Your instructions
Please set down, unchanged, each line from the one with "ZUMI OPEN BACK" to the final line of the data below, both included. Drop the pictures.

Data block
+++

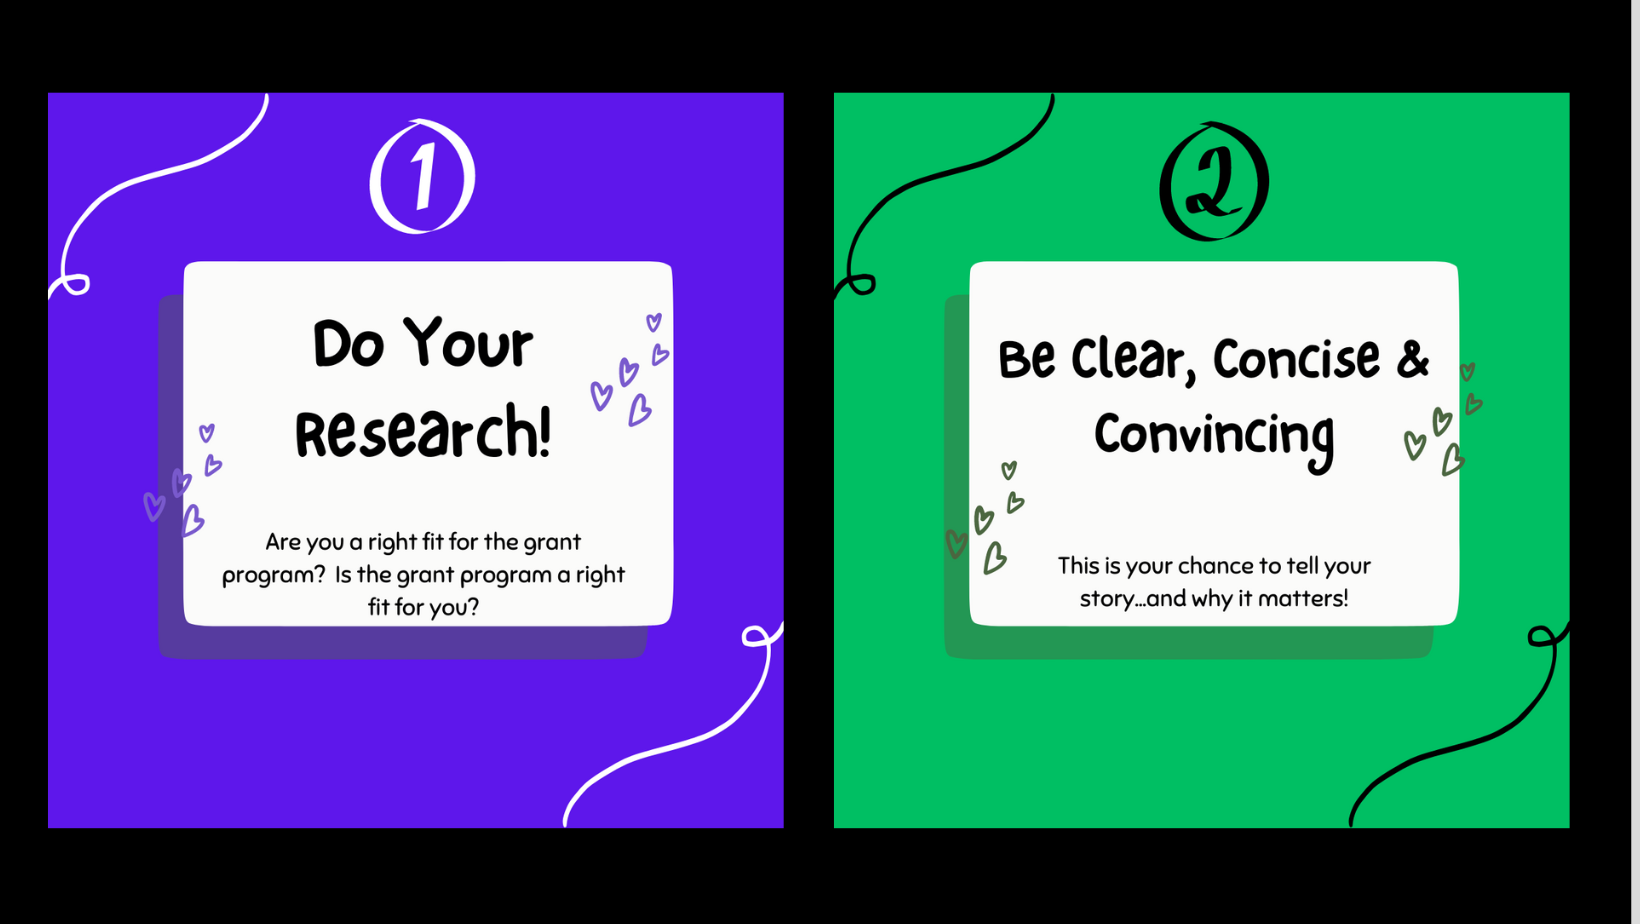 Top Tip #1: Do Your Research!  Top Tip #2: Be Clear, Concise & Convincing
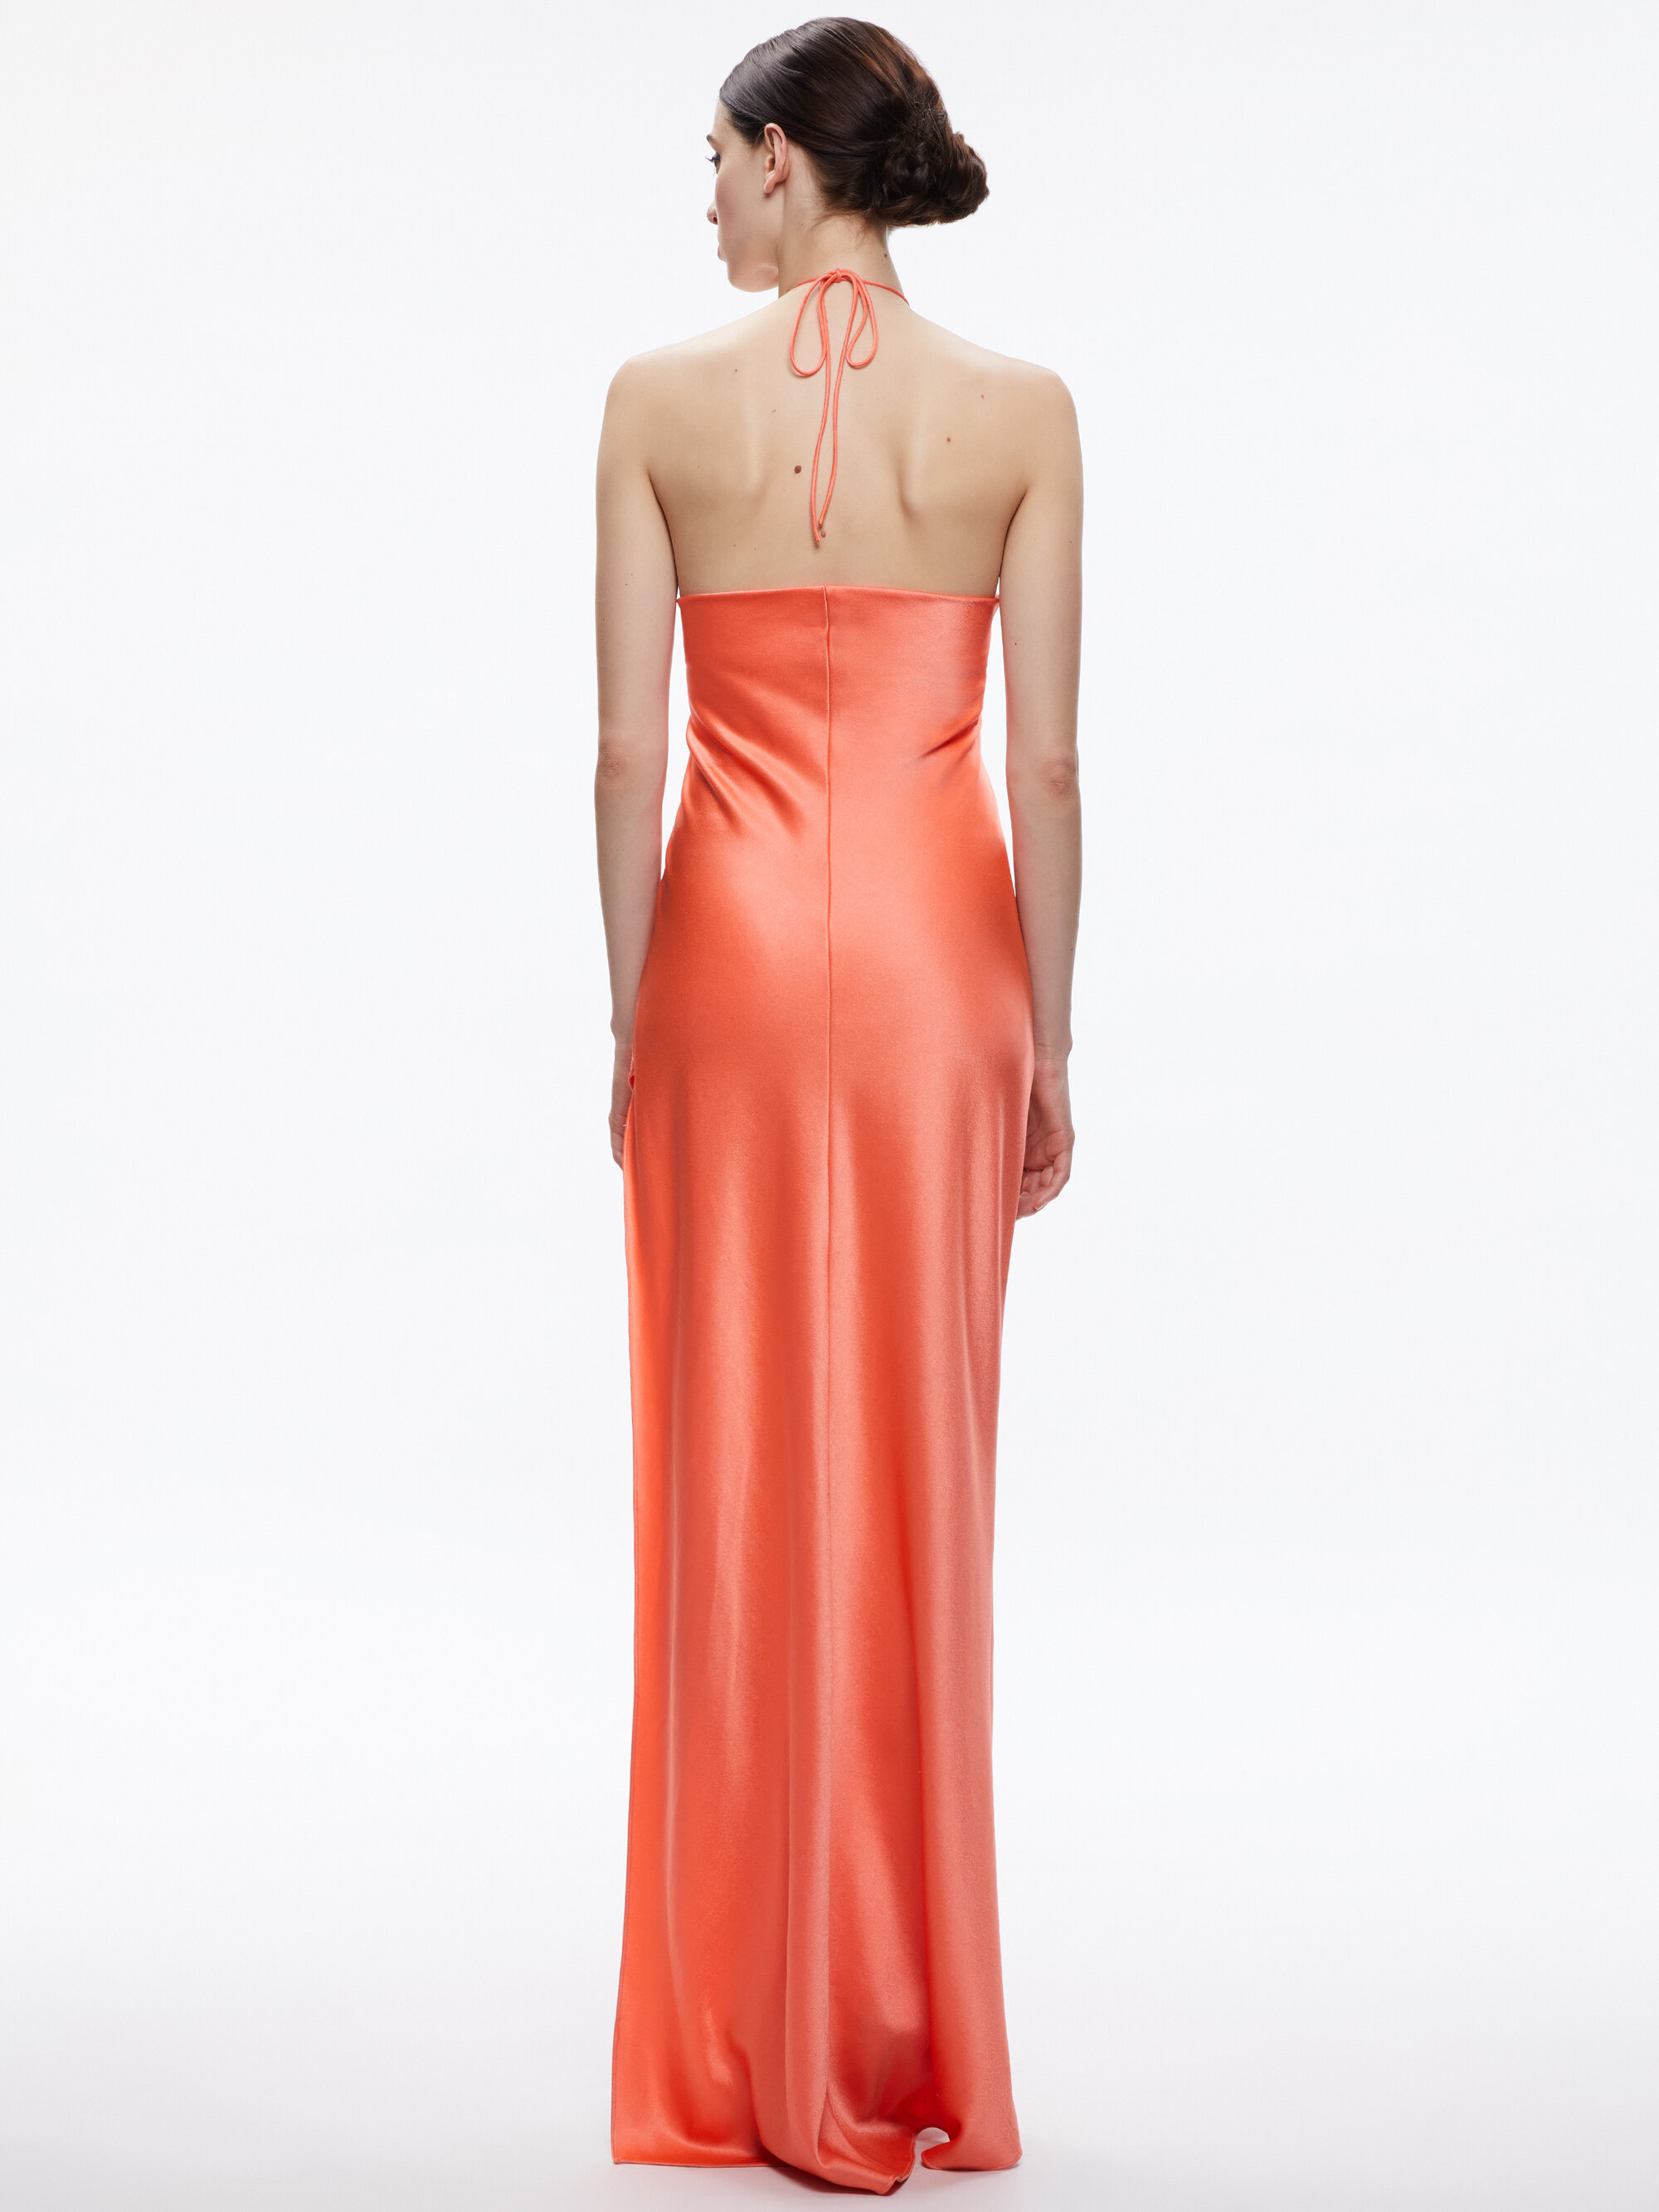 ZUMI OPEN BACK HALTER MAXI DRESS - CORAL SUNSET - Alice And Olivia
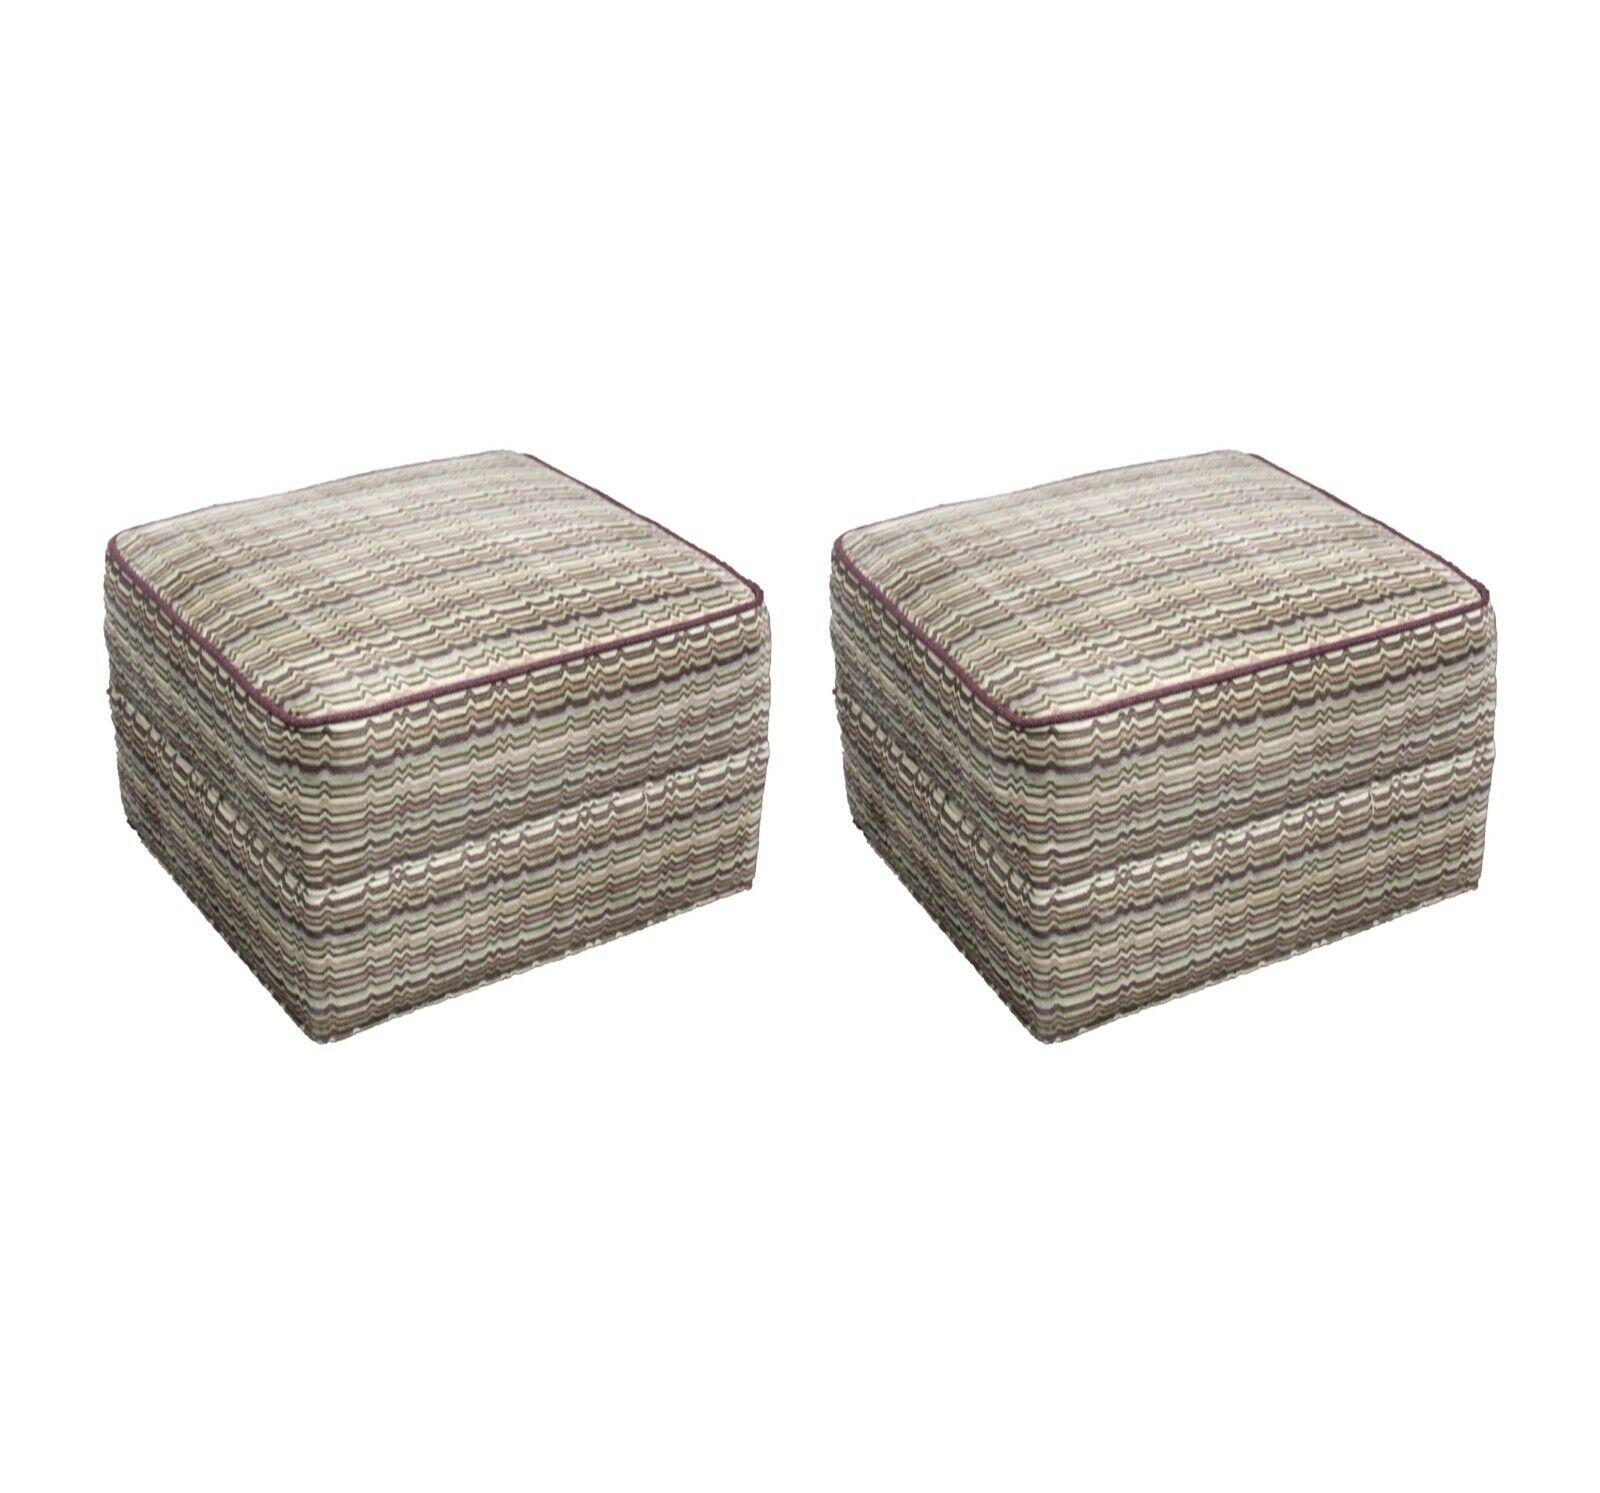 Vintage Pair of Baughman Style Ottomans Stools Poufs Chevron Purple Grey Pattern In Good Condition For Sale In Keego Harbor, MI

+++

Result of the exercise
 ZUMI OPEN BACK HALTER MAXI DRESS - CORAL SUNSET - Alice And Olivia
 Vintage Pair of Baughman Style Ottomans Stools Poufs Chevron Purple Grey Pattern In Good Condition For Sale In Keego Harbor, MI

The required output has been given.